The compression process comprises three distinct functions that are largely independent but operate concurrently. They are the ingestion of source data at the input, the production of compressed data at the output, and the management of the prediction context in between. That separation provides autonomy, a valuable asset during algorithm design and optimization.
Attribute vector coding recovers an empirical understanding of the processes that created the data and then strives to emulate them through functions embodied in software and codified in data. To that end, it captures and exploits prior knowledge regardless of whether that knowledge can be explicitly defined. From that, it computes structured predictions of field values, and expresses them through a system of functions and coefficients. Those functions, together with degenerated canonical Huffman codes that encode them, decorrelate across dimensions and data types simultaneously, thereby exploiting inter-tuple and intra-tuple interrelationships.
Of course, the theoretical advantages would all be for nought were attribute vector coding not cost-effective to use. That is why one other aspect is vital: flexibility. It is why attribute vector coding, when used together with wordencoding, can systematically accommodate table data regardless of data type, cardinality, skew, sparsity, or field width.

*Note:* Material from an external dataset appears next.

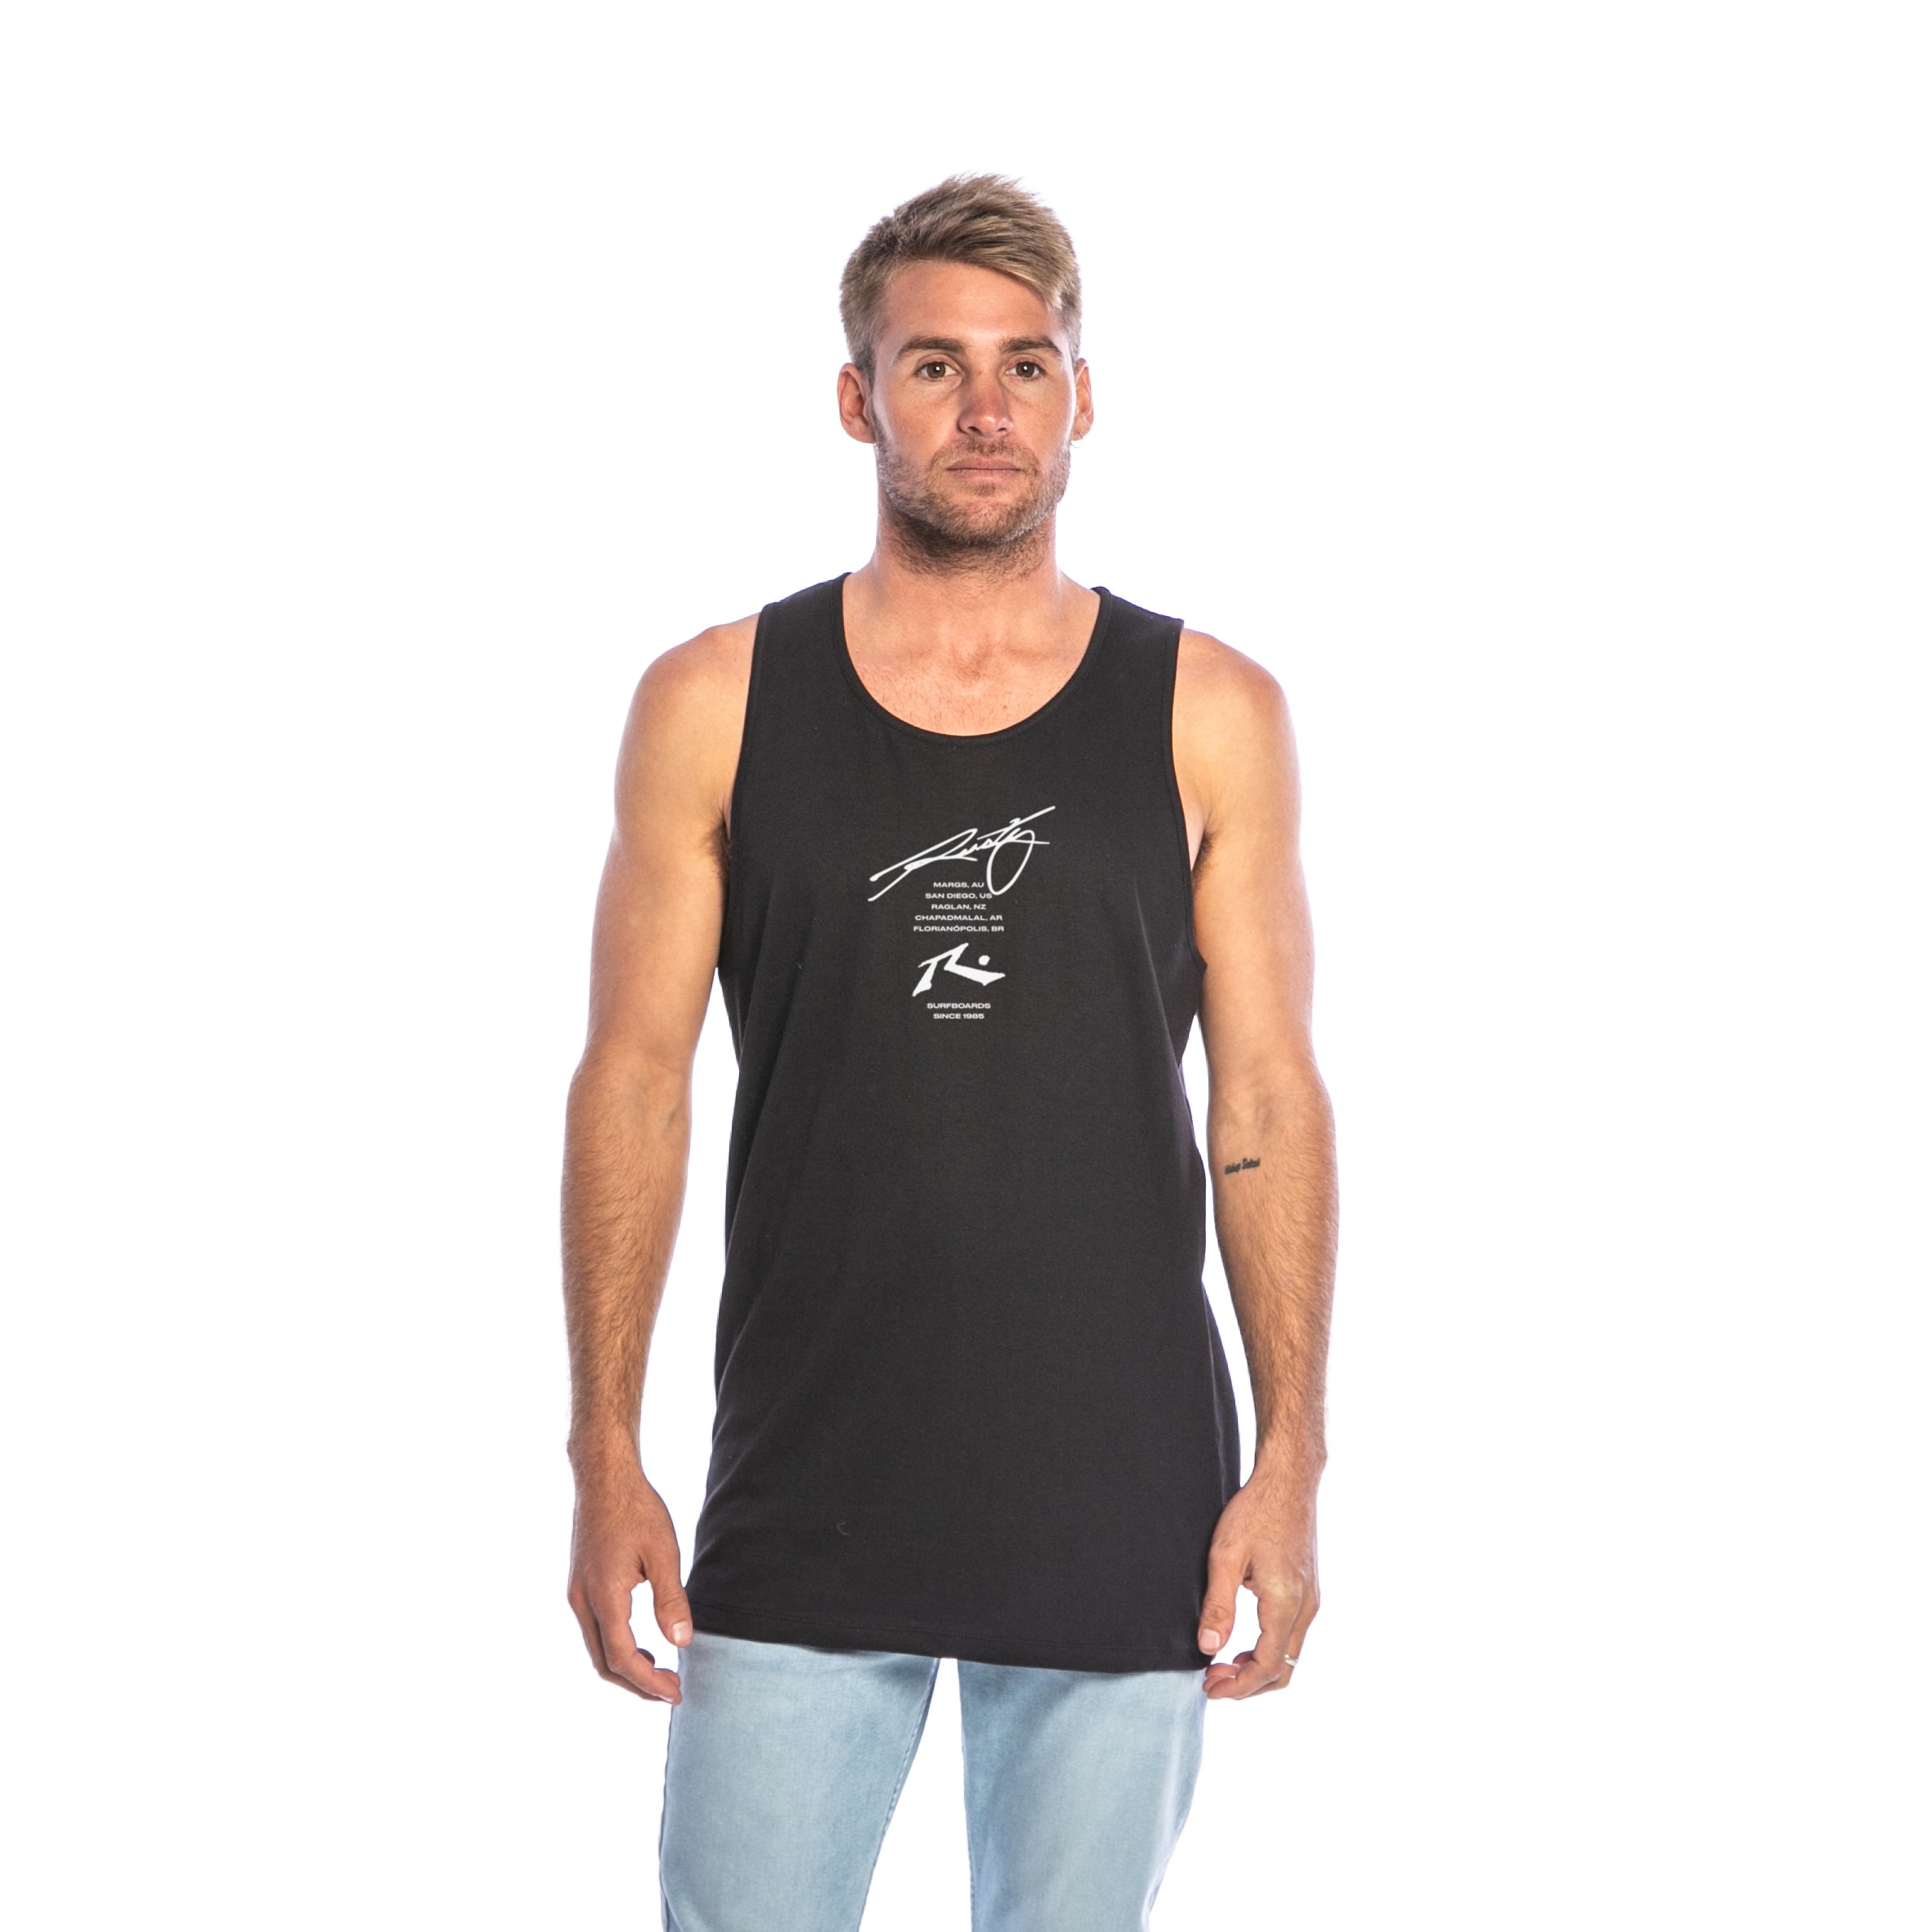 Musculosa Surfpoint  Black

That systematization minimizes the number of discrete methods needed to be implemented, optimized, and maintained, making attribute vector coding, above all, practical.
Repopulation is a structural method for compressing monotonic integer sequences in hash tables and similar data structures. It populates table locations that would otherwise be unused with subsequences that would otherwise occupy memory.

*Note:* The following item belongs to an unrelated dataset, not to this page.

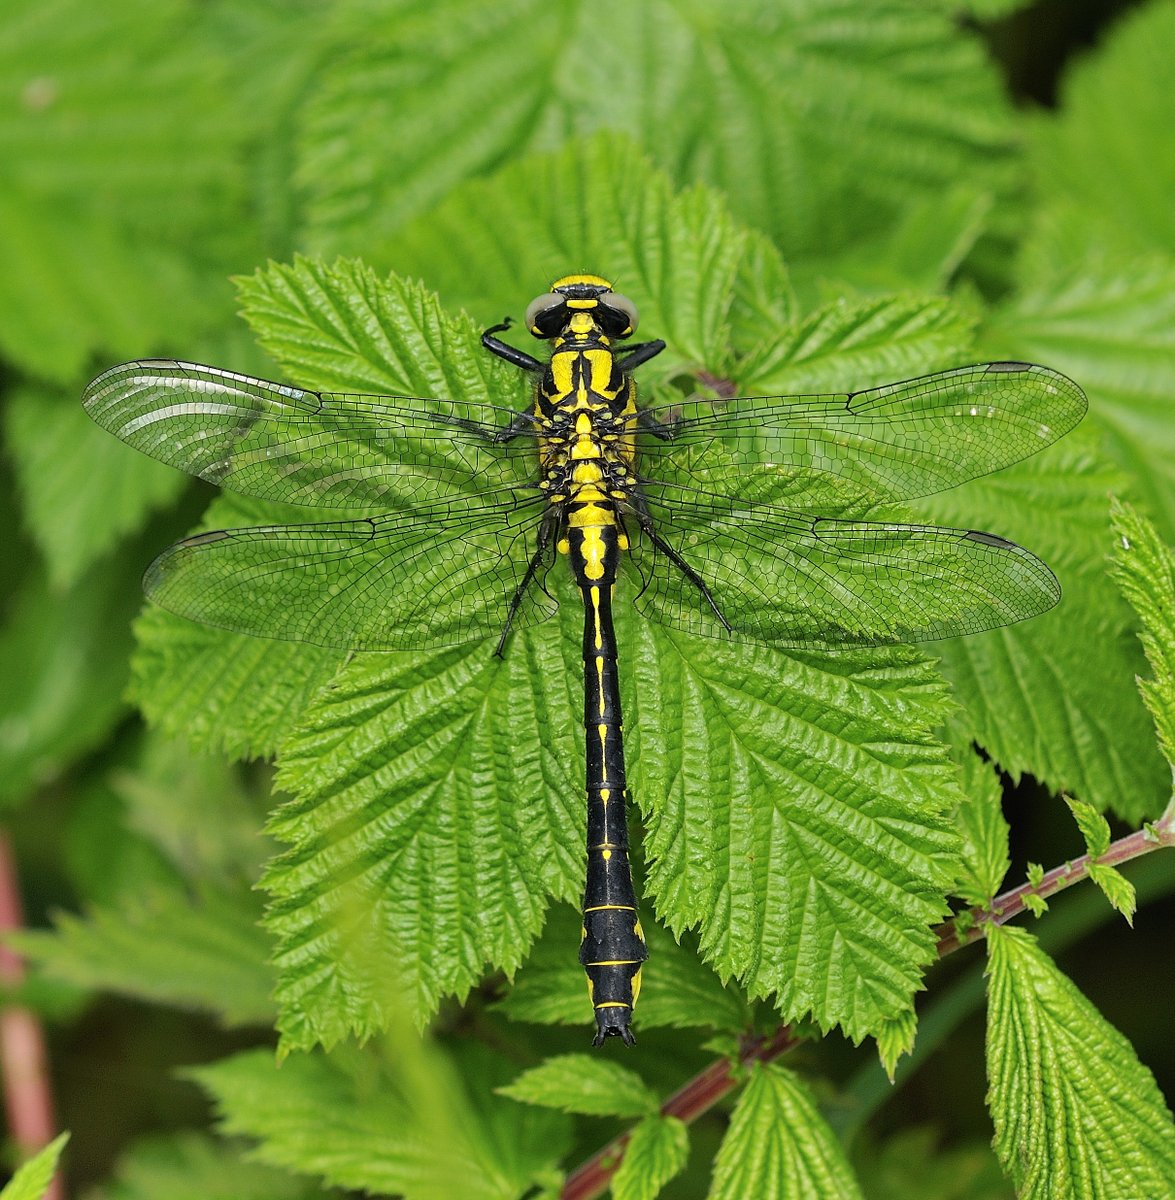 From the BDS Spring Meeting 2024 playlist, watch an introduction to the Monmouthshire 2030 Dragonfly Atlas Project, by Steve Preddy, Monmouthshire County Dragonfly Recorder: loom.ly/yVDFR1o 📸Common Clubtail by G.W.Tonks

Repopulation, unlike almost every other lossless compression method, is not a replacement scheme. Instead, it is transpositional and mechanistic, works like a chess-playing automaton, and employs no information-theoretic concepts. Repopulation combines the access speed of a low load factor with the table compactness of a high one, avoiding that historical compromise.
Superpopulation is a variable-to-variable-length algorithm targeting index tables, lists, arrays, and the like. It systematically accommodates wide local variations in data statistics. Superpopulation is used by itself and together with repopulation.

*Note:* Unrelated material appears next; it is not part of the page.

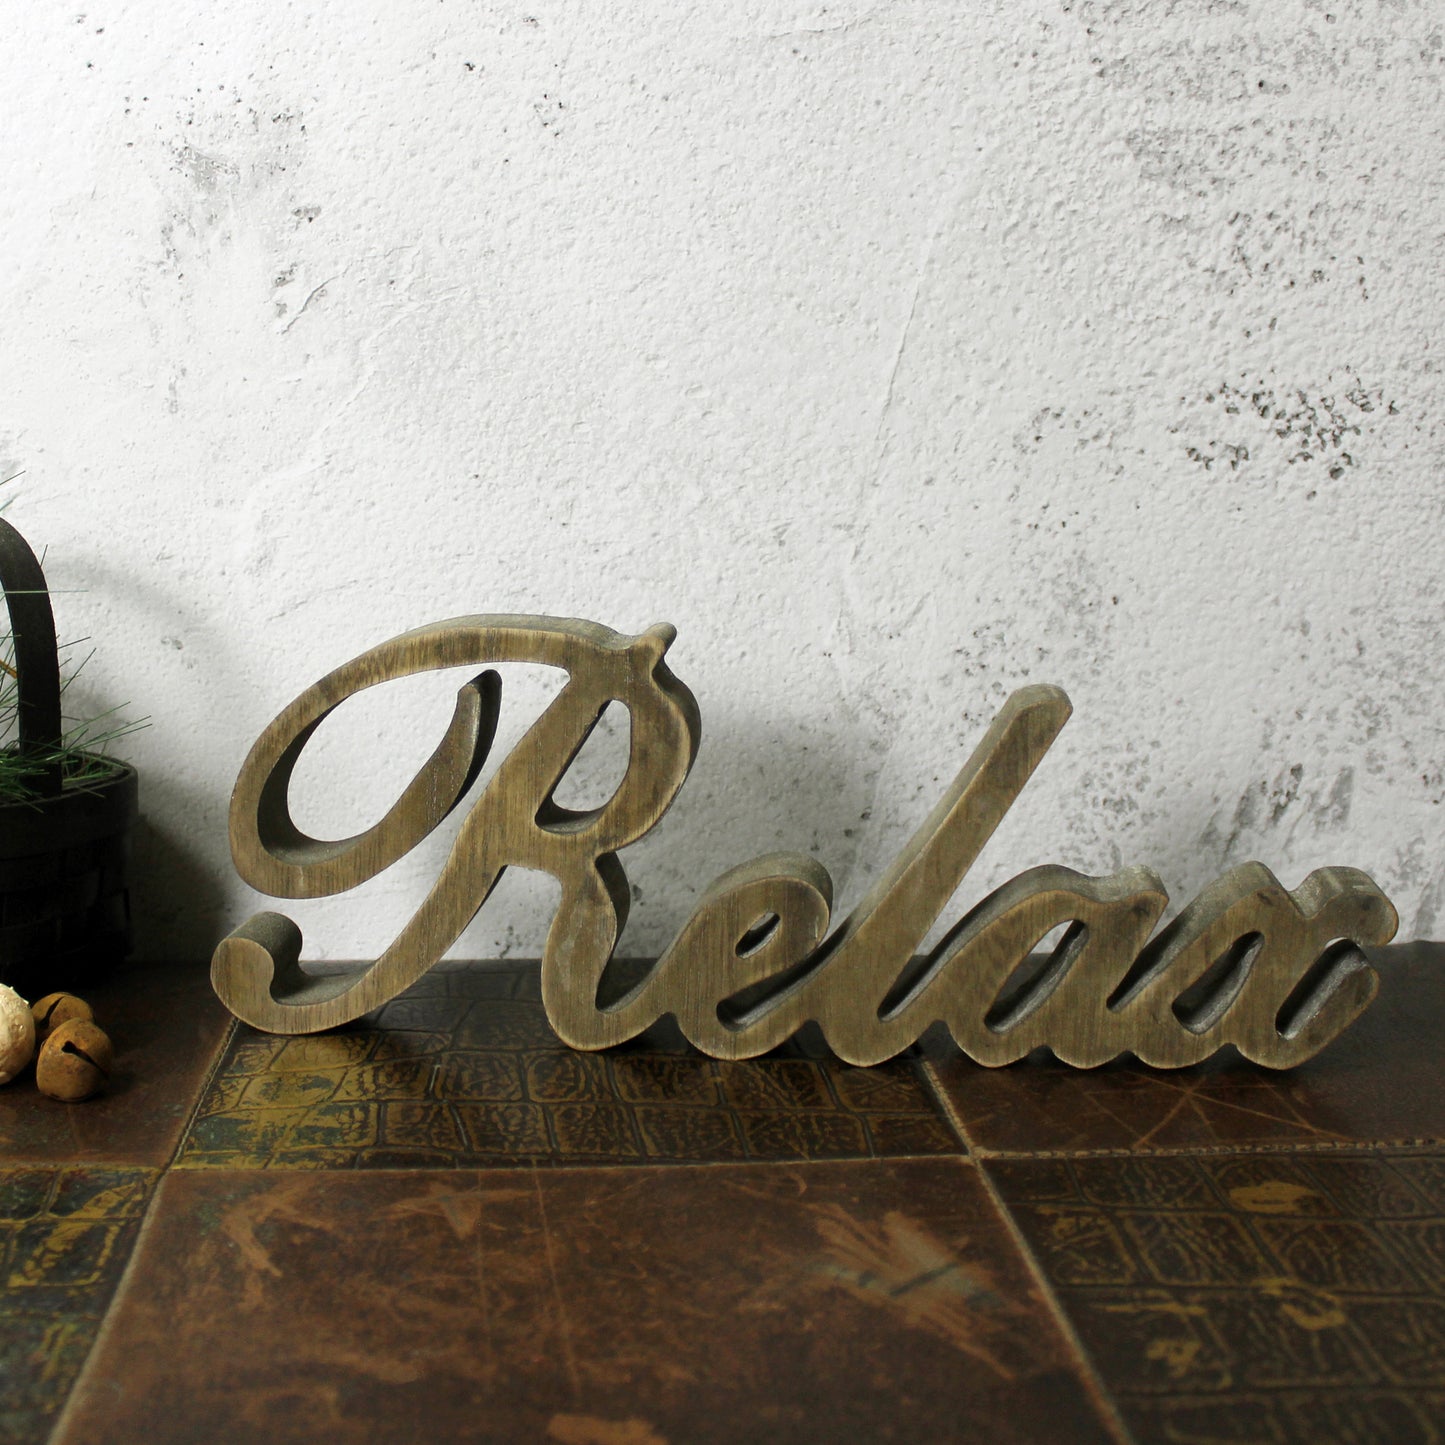 CVHOMEDECO. Rustic Vintage Distressed Wooden Words Sign Free Standing "Relax" Tabletop/Shelf/Home Wall/Office Decoration Art, 12 x 4.25 x 1 Inch

Superpopulation recognizes that distributions of values in access data structures generally have areas of high and low correlation. It works by classifying each such area as a particular target type, and then applies a target type-specific encoding method to each.
Wordencoding is a 0-order variable-to-variable-length algorithm for compressing text strings in database table record fields. It achieves compression close to the 0-order source entropy without sacrificing speed by maximizing combined data locality over compressed record fields and access data structures. Wordencoding deals explicitly with the data's correlational structure by recognizing that redundancy in text strings exists at multiple levels of granularity.